"""

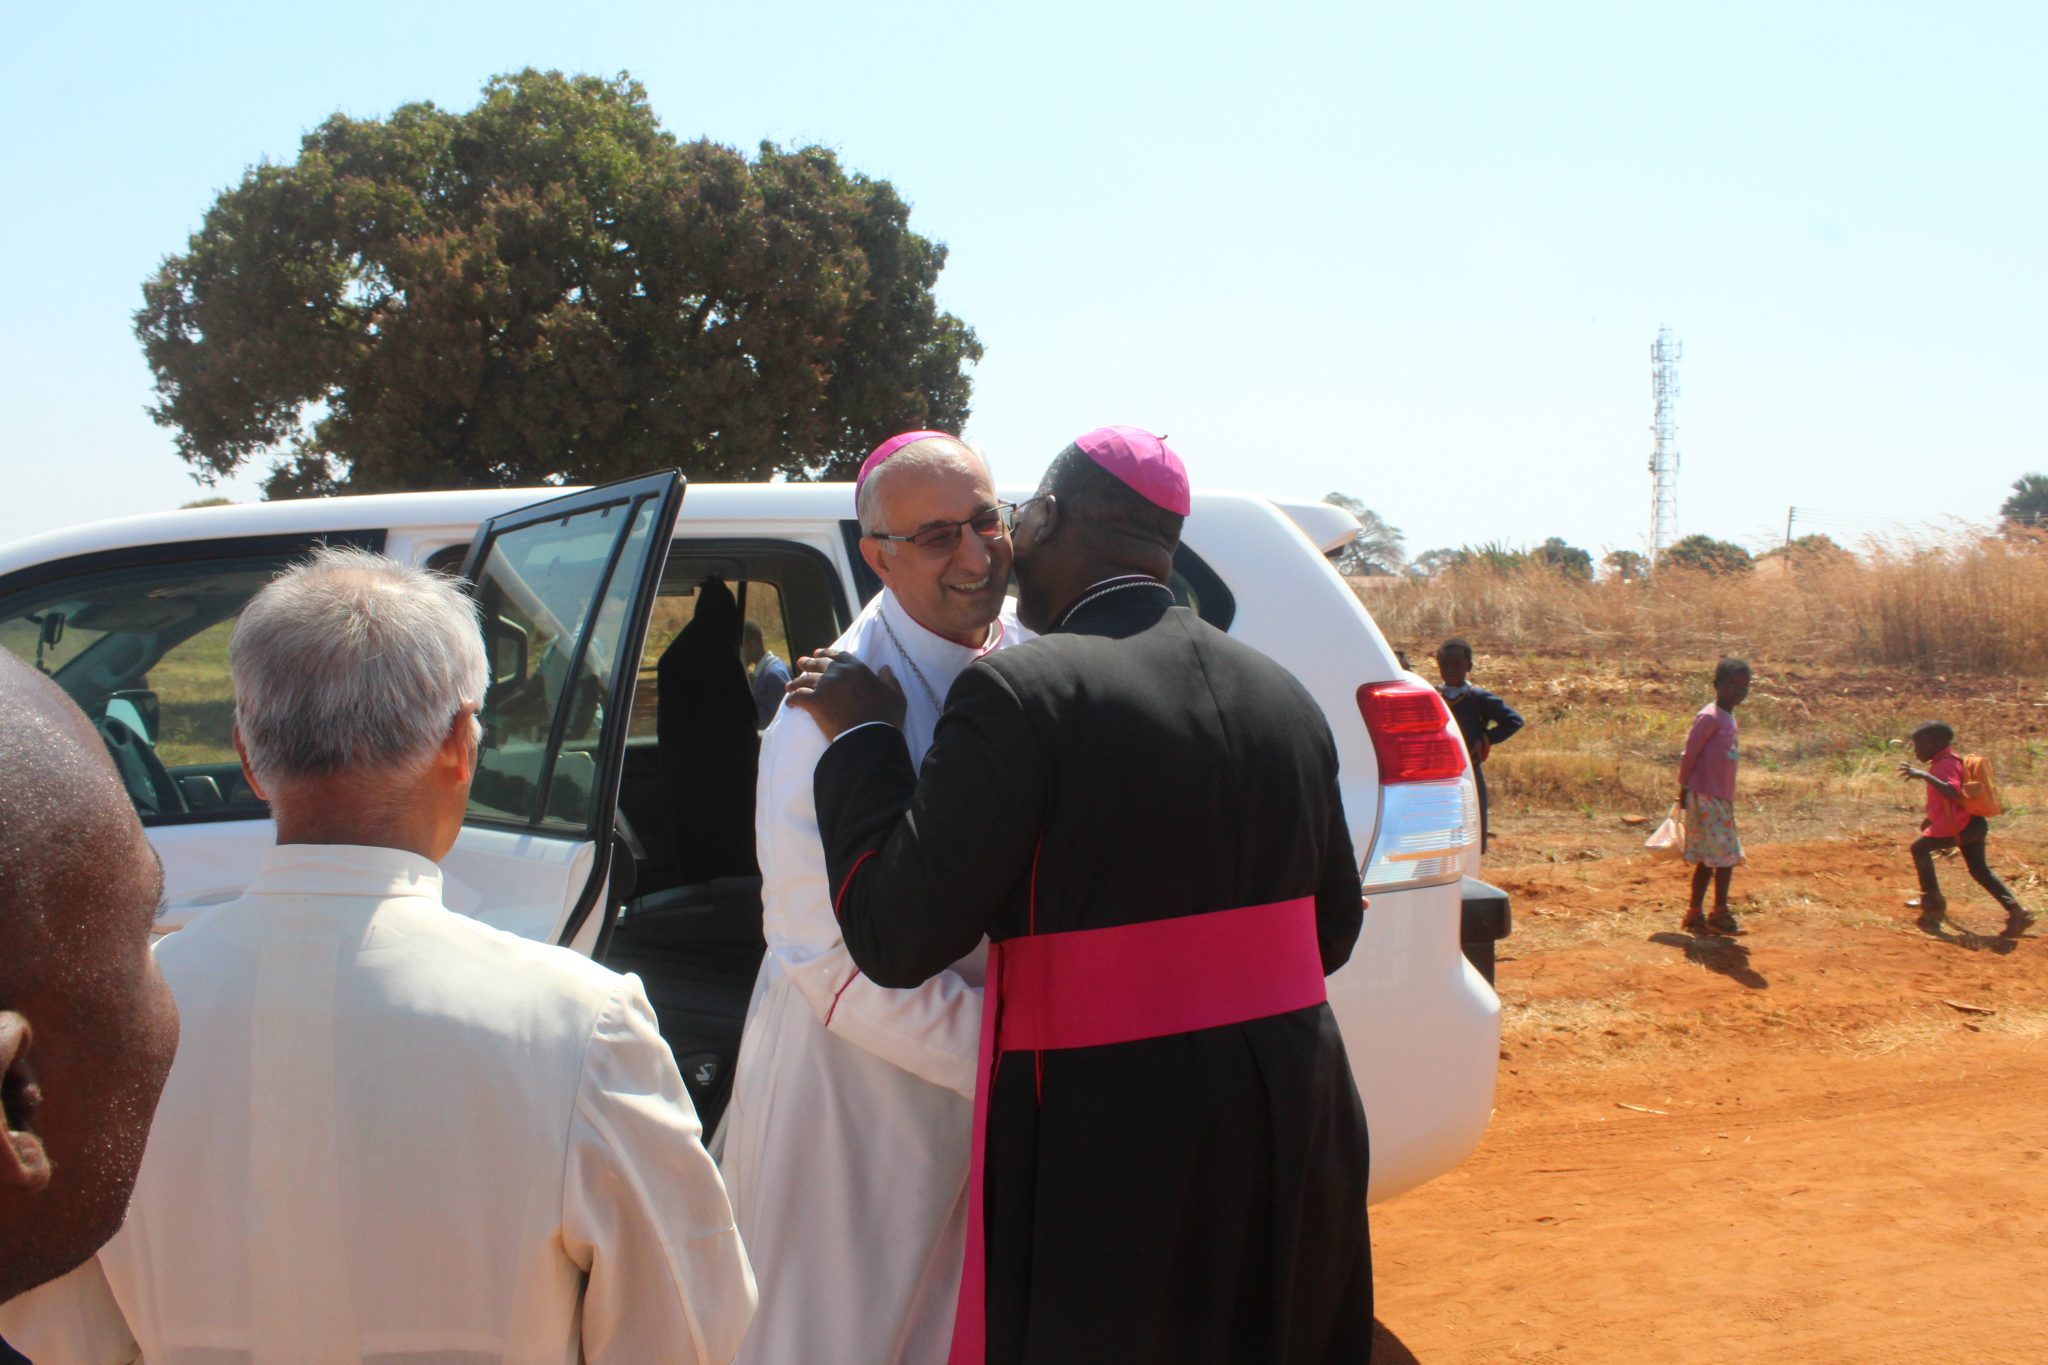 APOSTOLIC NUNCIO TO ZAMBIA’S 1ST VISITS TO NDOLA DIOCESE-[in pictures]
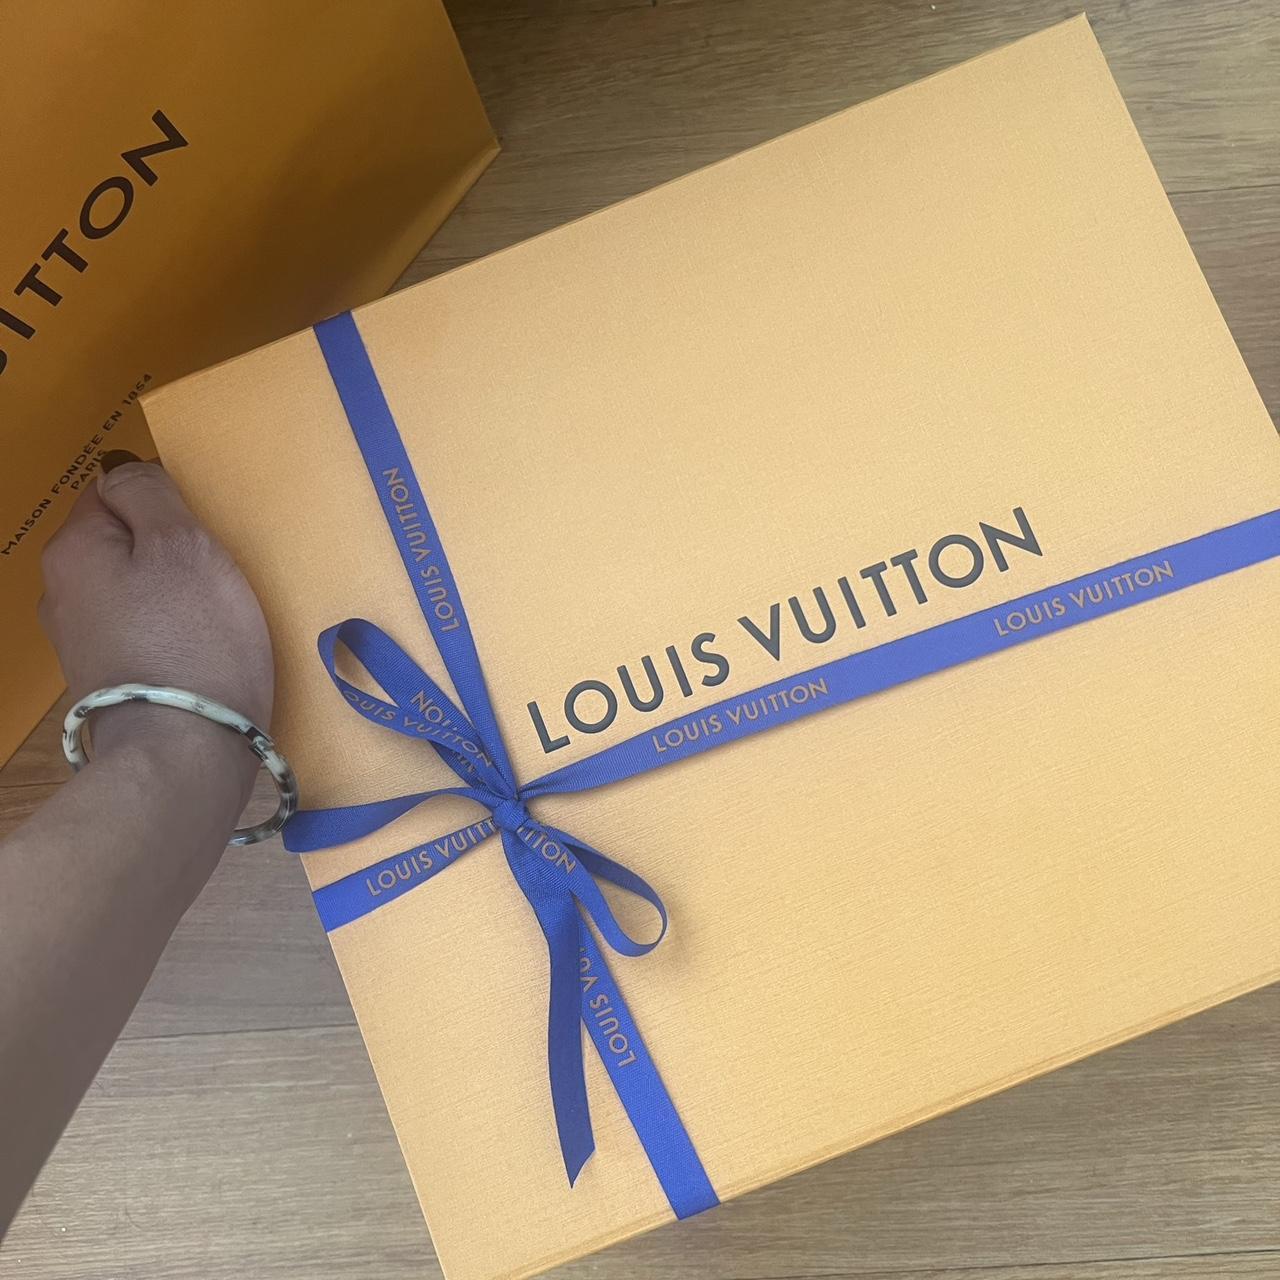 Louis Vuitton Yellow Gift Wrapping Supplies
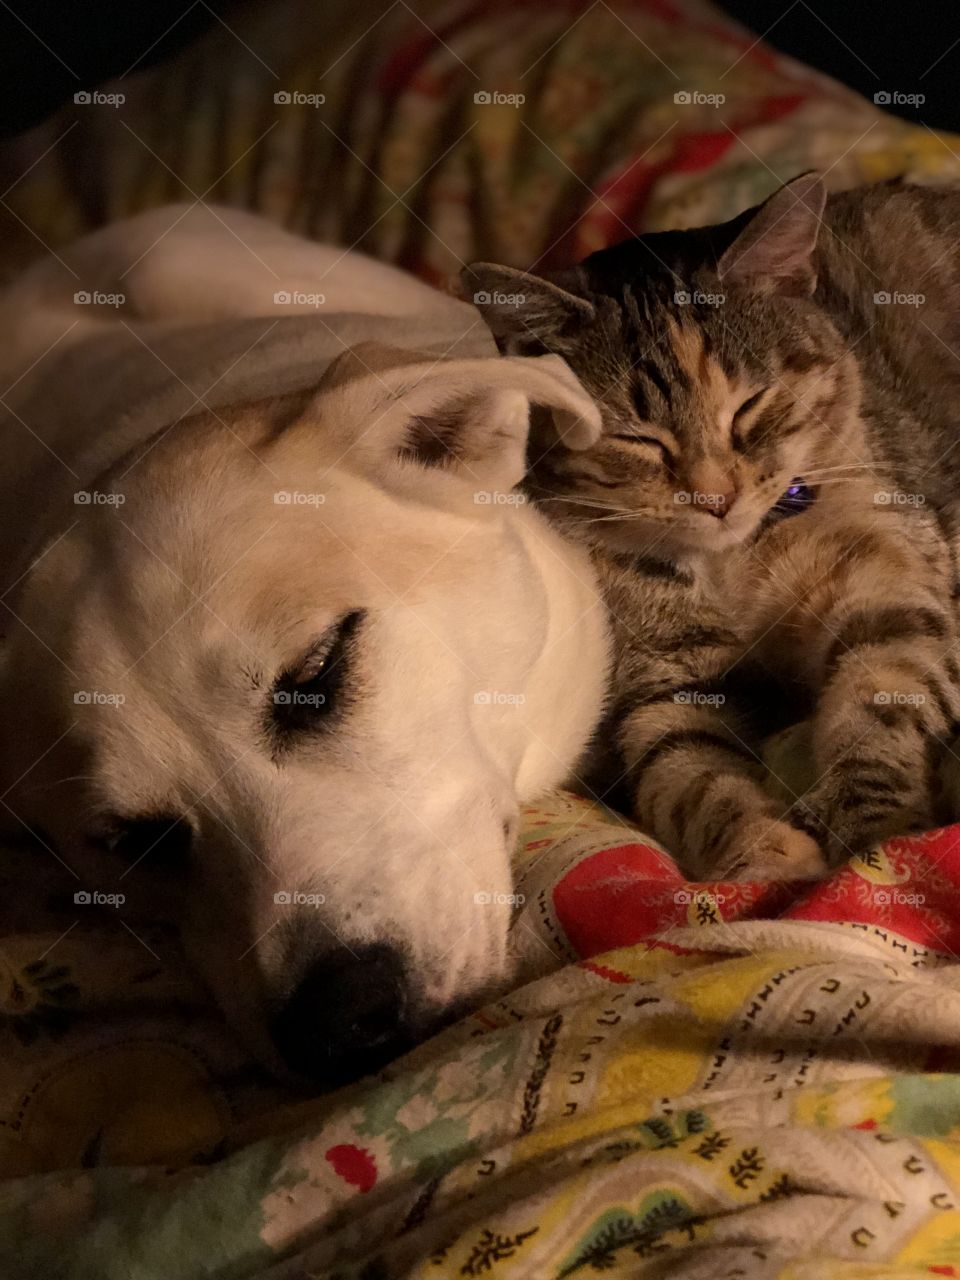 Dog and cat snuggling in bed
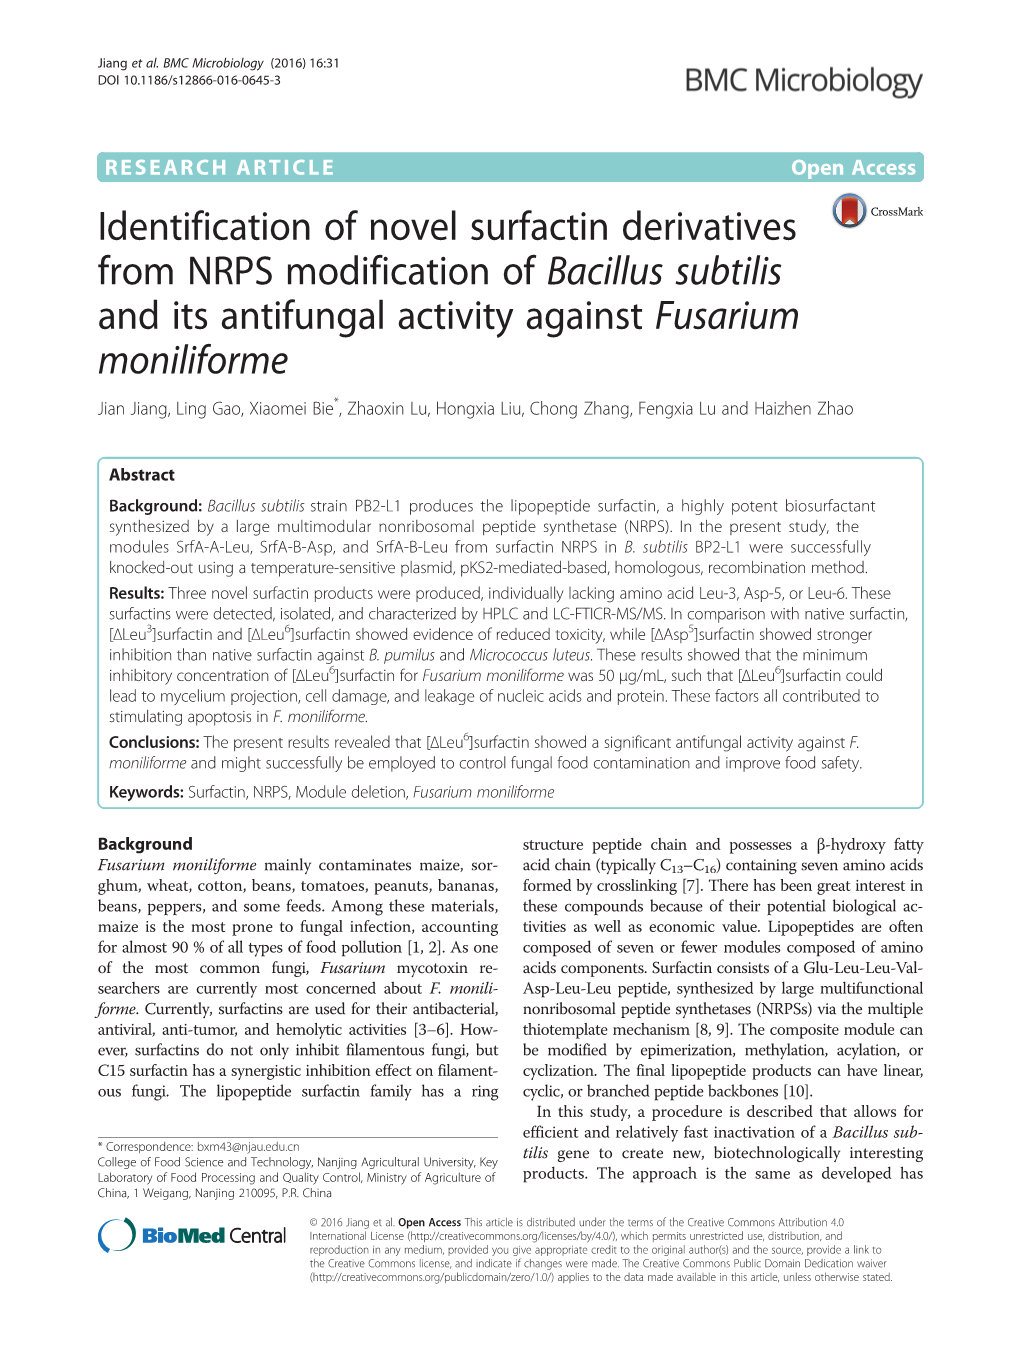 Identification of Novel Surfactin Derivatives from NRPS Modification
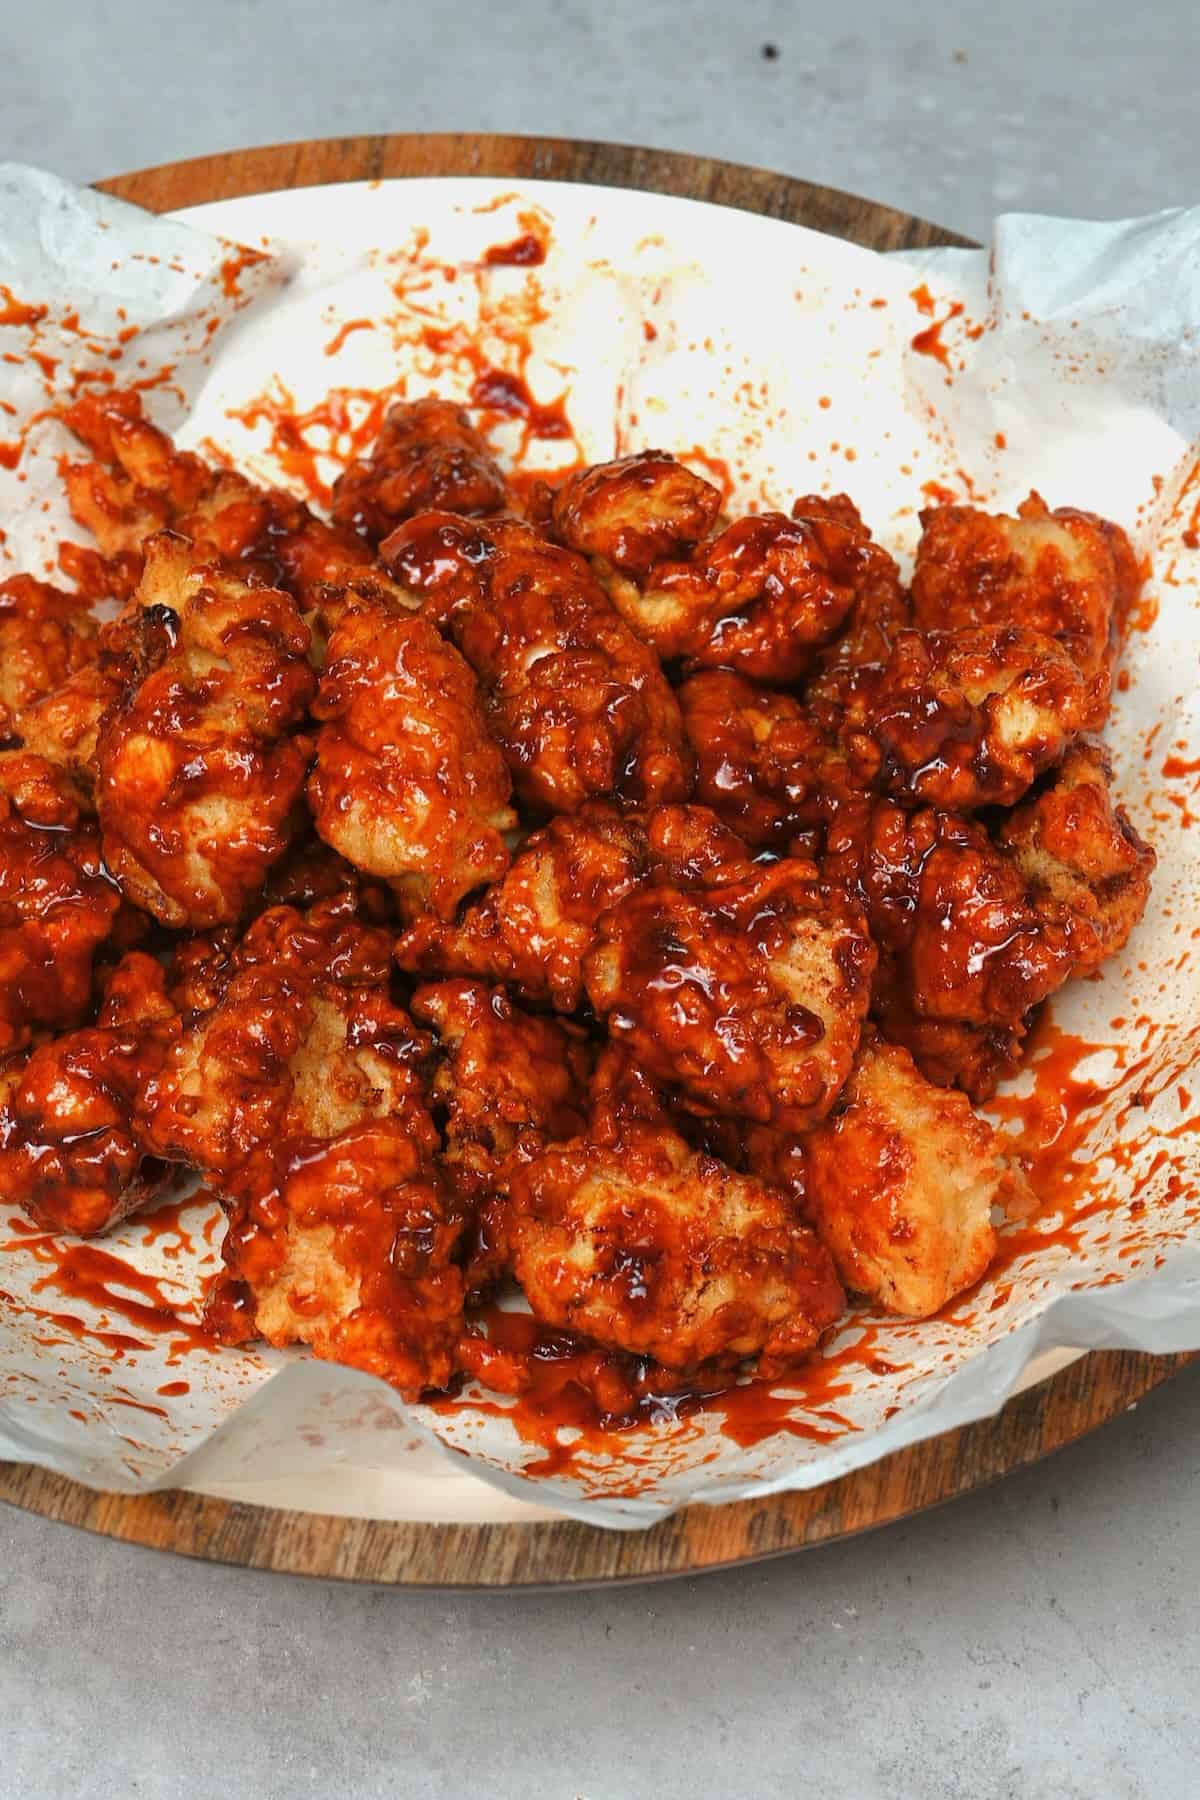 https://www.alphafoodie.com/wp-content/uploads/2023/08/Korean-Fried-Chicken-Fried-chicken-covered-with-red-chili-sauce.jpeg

"""

### [What the exercise asks]
If the listing above includes images, copy every line of it exactly except those images.

### [Result below]
 APOSTOLIC NUNCIO TO ZAMBIA’S 1ST VISITS TO NDOLA DIOCESE-[in pictures]
 Louis Vuitton Yellow Gift Wrapping Supplies
 Dog and cat snuggling in bed
 Identification of Novel Surfactin Derivatives from NRPS Modification
 https://www.alphafoodie.com/wp-content/uploads/2023/08/Korean-Fried-Chicken-Fried-chicken-covered-with-red-chili-sauce.jpeg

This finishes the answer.